The disagreement that matters

The 8.8-versus-9.8 gap comes down to one CVSS metric: privileges required. NVD rated it “low,” which caps the score at 8.8. The discoverer’s position, backed by a working exploit, is that no privileges are required, which would make it 9.8. The KEV catalog’s prose inherited the “authenticated” framing. So you have authoritative-sounding sources pointing in different directions, and a defender skimming the NVD number could reasonably conclude this bug needs an attacker to already have a foothold, and slot it below the unauthenticated criticals.

That conclusion would be wrong, and the way to avoid it generalizes into a triage rule worth adopting:

  • When sources disagree about whether a bug needs authentication, default to the unauthenticated interpretation until you’ve confirmed otherwise. The cost of treating an authenticated bug as unauthenticated is a slightly-too-fast patch. The cost of treating an unauthenticated bug as authenticated is leaving a pre-auth RCE in your “needs a foothold first, lower priority” bucket while it’s being mass-exploited. Those risks are not symmetric.
  • The CVSS base score is an input, not a verdict. It’s computed from a vector that someone chose, and the choices can be conservative, contested, or simply wrong for your environment. A bug that’s 8.8 on paper because of a debatable PR:L can be a 9.8 in practice.
  • Read the researcher’s writeup, not just the database entry. The people who found the bug usually describe the actual exploitation conditions in detail. For CVE-2023-40044, Assetnote’s analysis made the unauthenticated reality plain, even where the aggregated metadata blurred it.
  • Official descriptions lag and inherit errors. The KEV text and the NVD vector are maintained by people working from limited information under time pressure. They’re valuable and they’re not infallible, especially on the auth/no-auth distinction that matters most for prioritization.

What to do

  • Patch WS_FTP Server to 8.7.4 or 8.8.2 or later. Given it’s a publicly-exploited, ransomware-flagged RCE that is in practice unauthenticated, treat it as critical regardless of the 8.8 label.
  • Get the WS_FTP web interface and Ad Hoc Transfer module off the internet if you don’t need them exposed, and disable the Ad Hoc Transfer module if it’s unused. The exposed web component is what makes the bug reachable.
  • Assume compromise on long-exposed, unpatched instances. With a PoC out since late September 2023, an internet-facing server that lagged on patching should be investigated for web shells, unexpected child processes of the IIS/WS_FTP worker, and outbound connections.
  • Encode the triage rule into your process. When you assess a new CVE, explicitly check whether the authentication requirement is settled. If the database says authenticated but a credible researcher demonstrates otherwise, prioritize as unauthenticated and note the discrepancy.
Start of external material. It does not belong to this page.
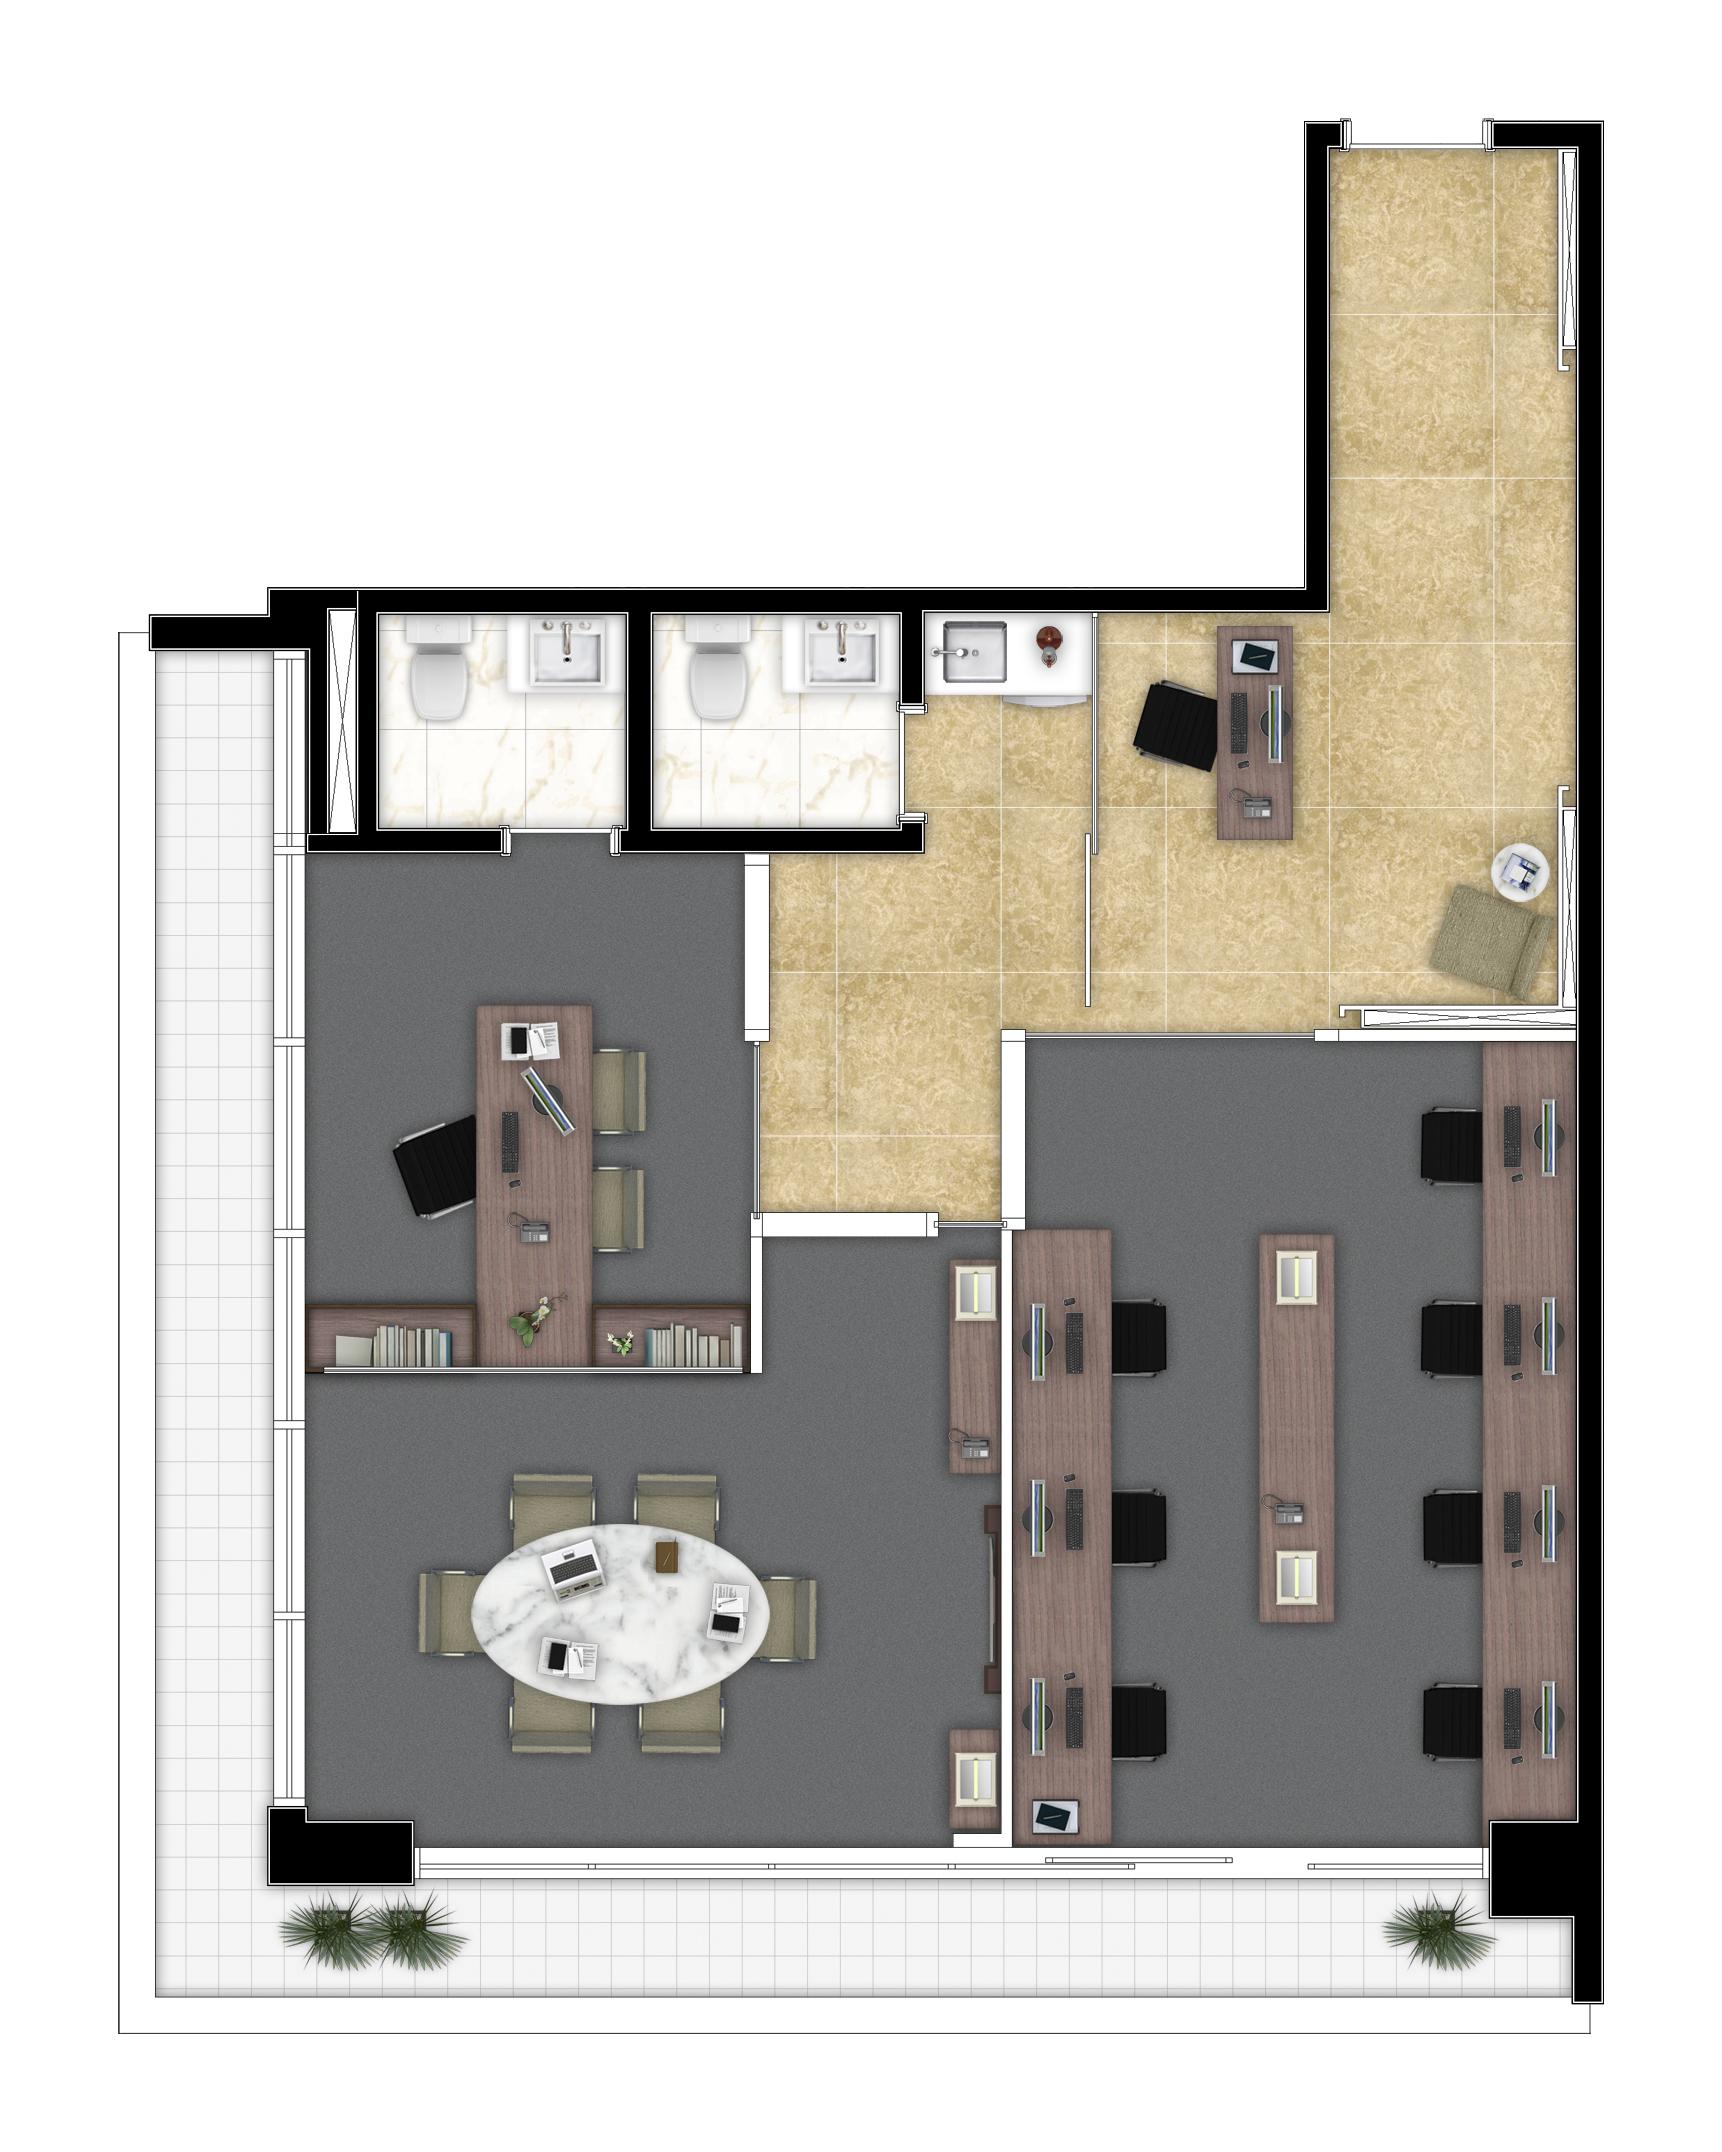 82,44 m² - Final 2

The reframe is about where authority actually lives in vulnerability data. The KEV catalog and NVD are the right starting points, and you should track both, but they aggregate and simplify, and on the single most important triage question, whether an attacker needs to log in first, they’re sometimes wrong. CVE-2023-40044 is a clean example: scored and described as if it needed authentication, exploited in the wild without any. Plan around the exploit reality, not the metadata, and when the two disagree, give the attacker the benefit of the doubt. We read the researcher writeups behind the catalog entries for exactly these cases, because the difference between “authenticated” and “not” is the difference between a patch that can wait and one that can’t.